From: David Woolley <forums@david-woolley.me.uk>
Date: Thu, 11 Nov 2010 07:28:27 +0000
Message-ID: <4CDB9B1B.7080702@david-woolley.me.uk>
To: Roger Hudson <rhudson@usability.com.au>
CC: w3c-wai-ig@w3.org
Roger Hudson wrote:
> 
> I am not sure why Cindy was having problems with the text on the left edge
> of the page but I have now included a left-hand margin to the content area
> and hopefully this will help alleviate some of the problems. The default

Although I didn't look at the original, looking at the text that still 
has no margin, I suspect that is a usability problem.

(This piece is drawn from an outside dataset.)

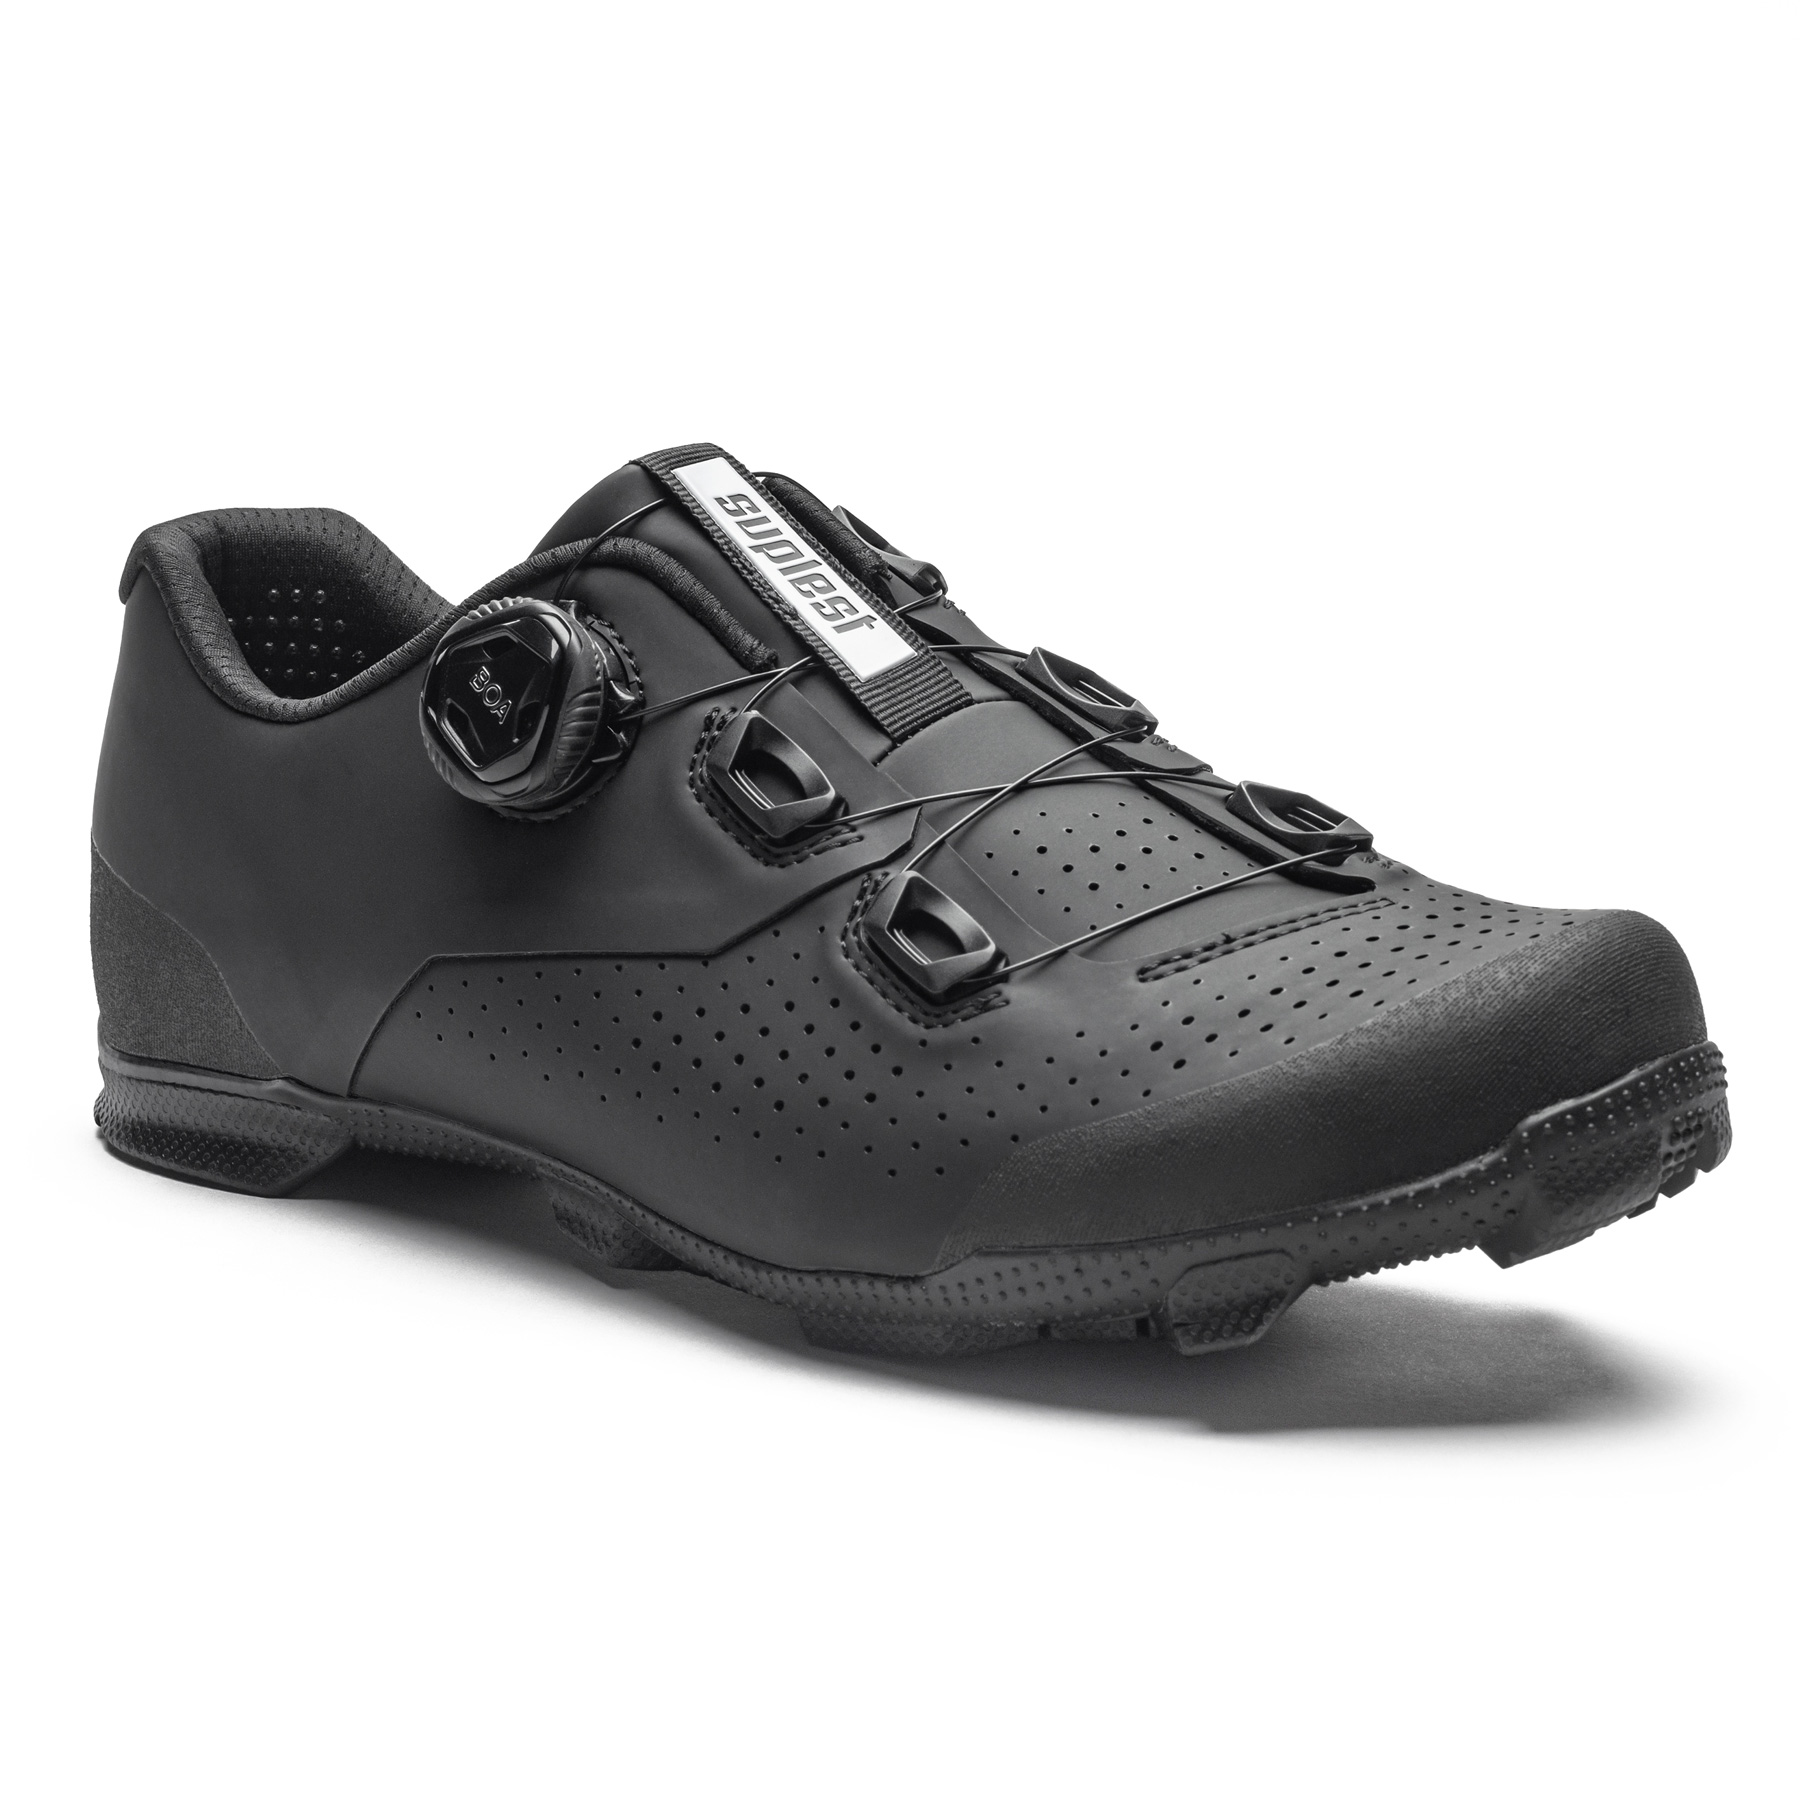 Produktbild von Suplest EDGE+ 2.0 Sport Mountain Series BOA L6 MTB Schuhe Herren - schwarz 02.048.

If you have windows normalised, it makes it difficult to find the 
boundary between the left hand margin one the desired window and text on 
overlaid windows.

With flat screen displays, there is no underscan, so slight errors in 
the display timing settings can move edge pixels off the screen and 
parallax effects can cause the screen surround to obscure them.

In both cases, the hard edge of the screen or the window, to a first 
approximation, is like adjacent text, so requires more effort to find 
the left hand margin when going to the next line.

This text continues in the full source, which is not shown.